Starting at the line that contains "Root 18 CrossFit", transcribe each line through the end of the material below, exactly and nothing else, leaving out the pictures.

[[ DATA SHOWN, beginning ]]

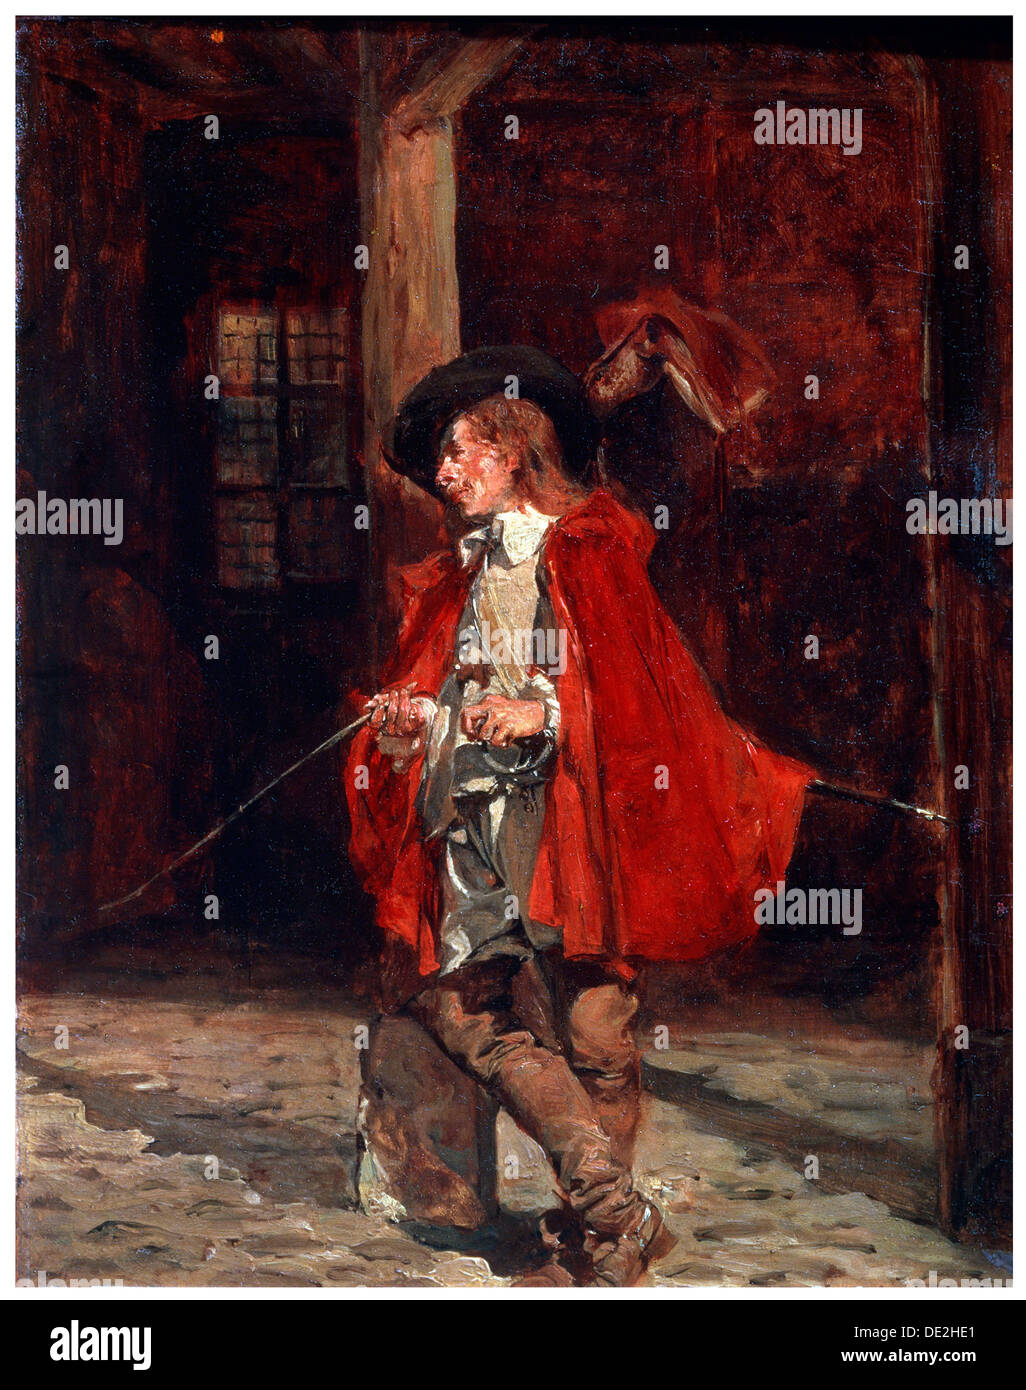 'Bretteur (Swordsman) in a Red Cloak', 19th century. Artist: Jean Louis Ernest Meissonier Stock Photo
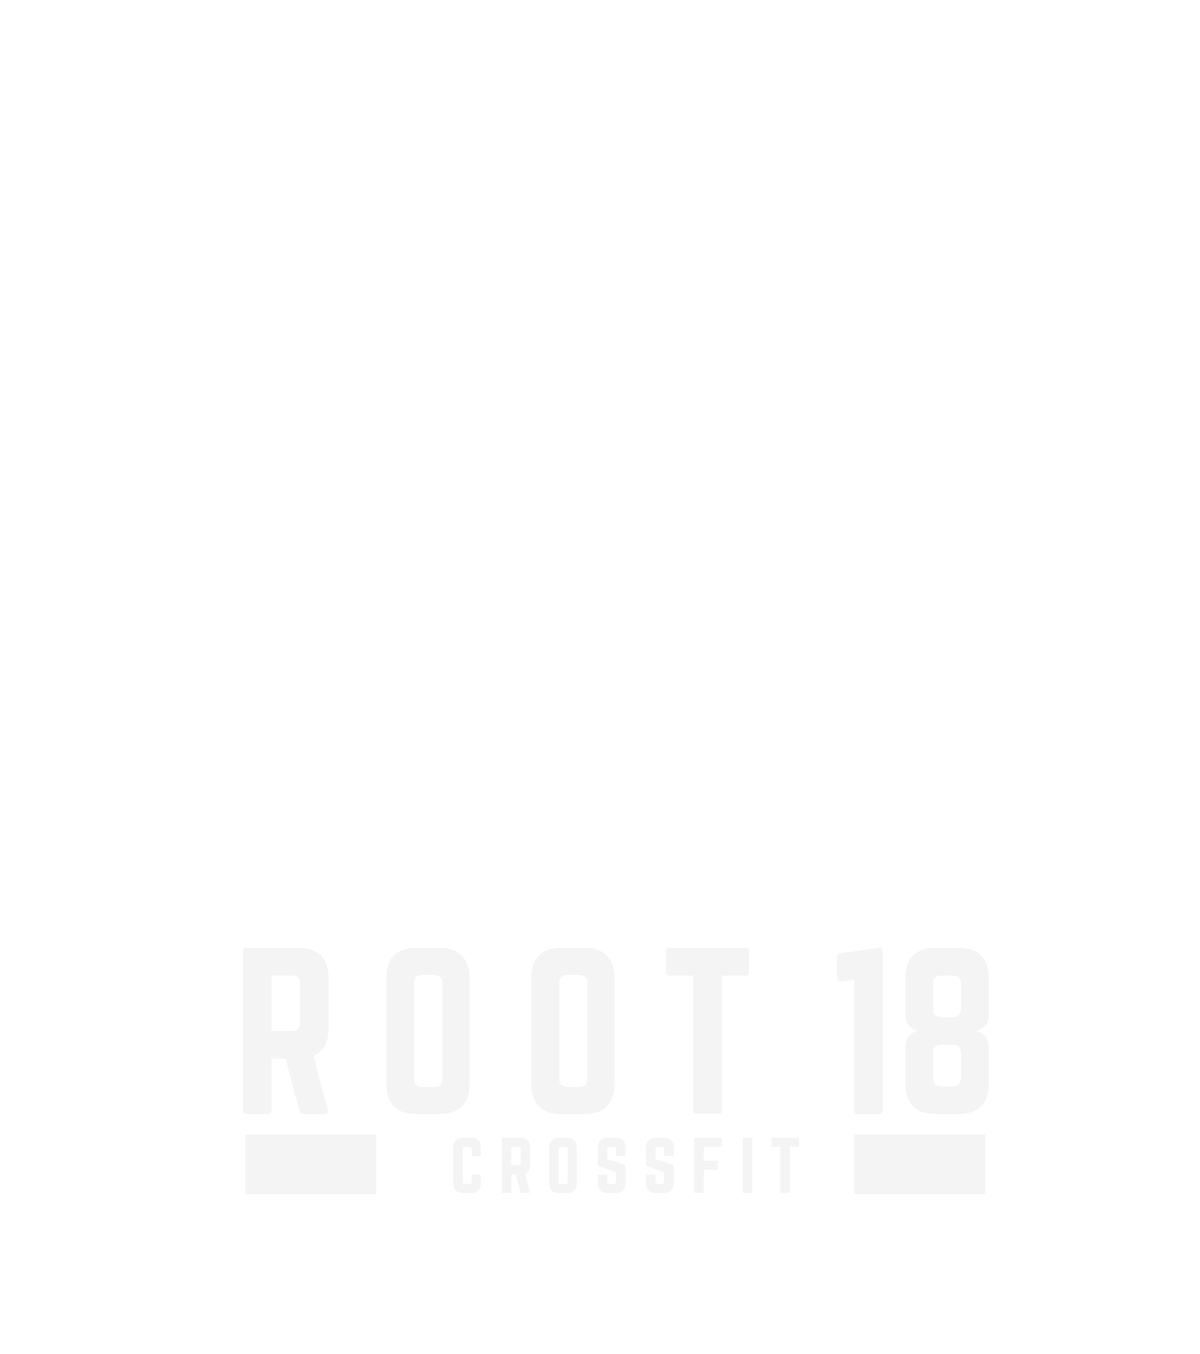 Root 18 CrossFit
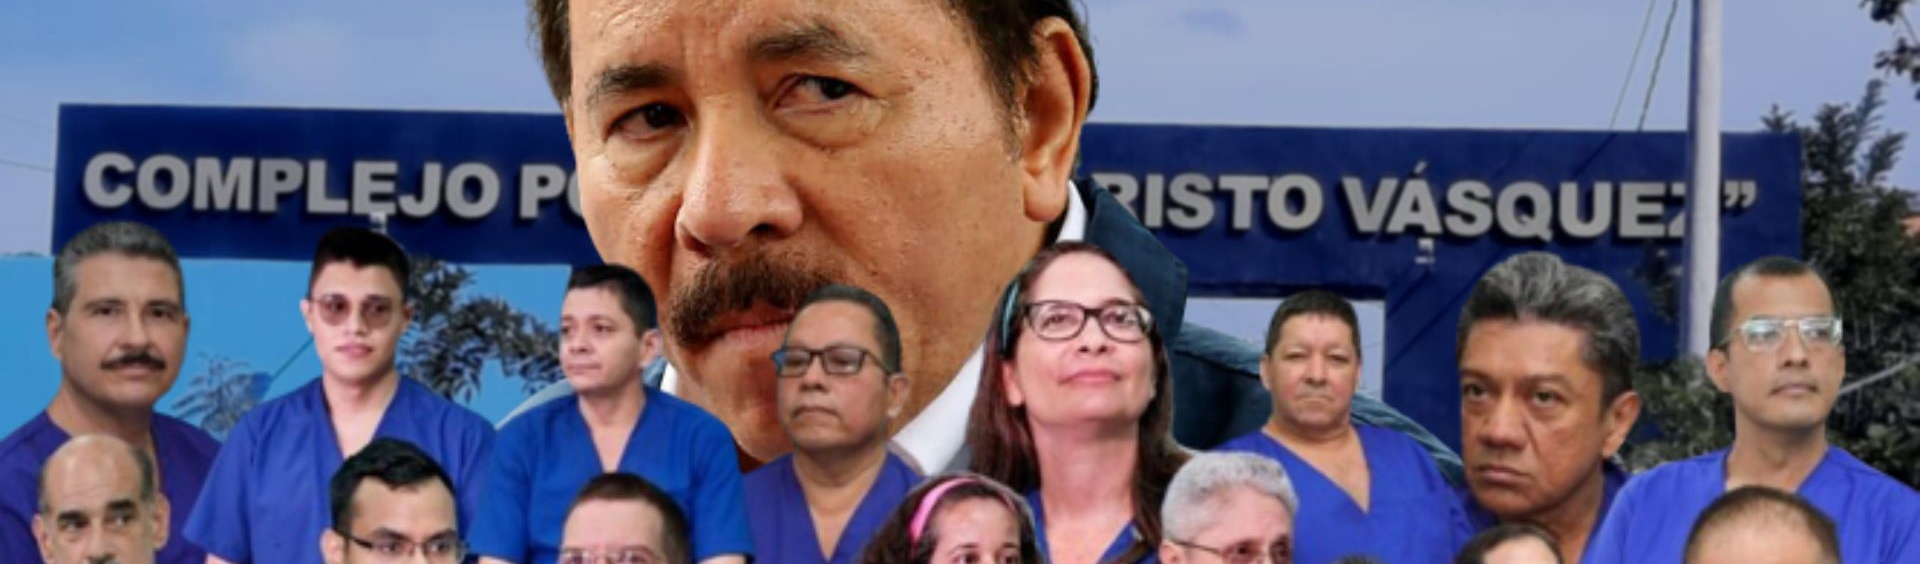 Opositores de Ortega enviados aos EUA relatam experiências após libertação

[[ DATA SHOWN, end ]]

### SOLUTION FOR THIS PROBLEM
 Root 18 CrossFit
 Opositores de Ortega enviados aos EUA relatam experiências após libertação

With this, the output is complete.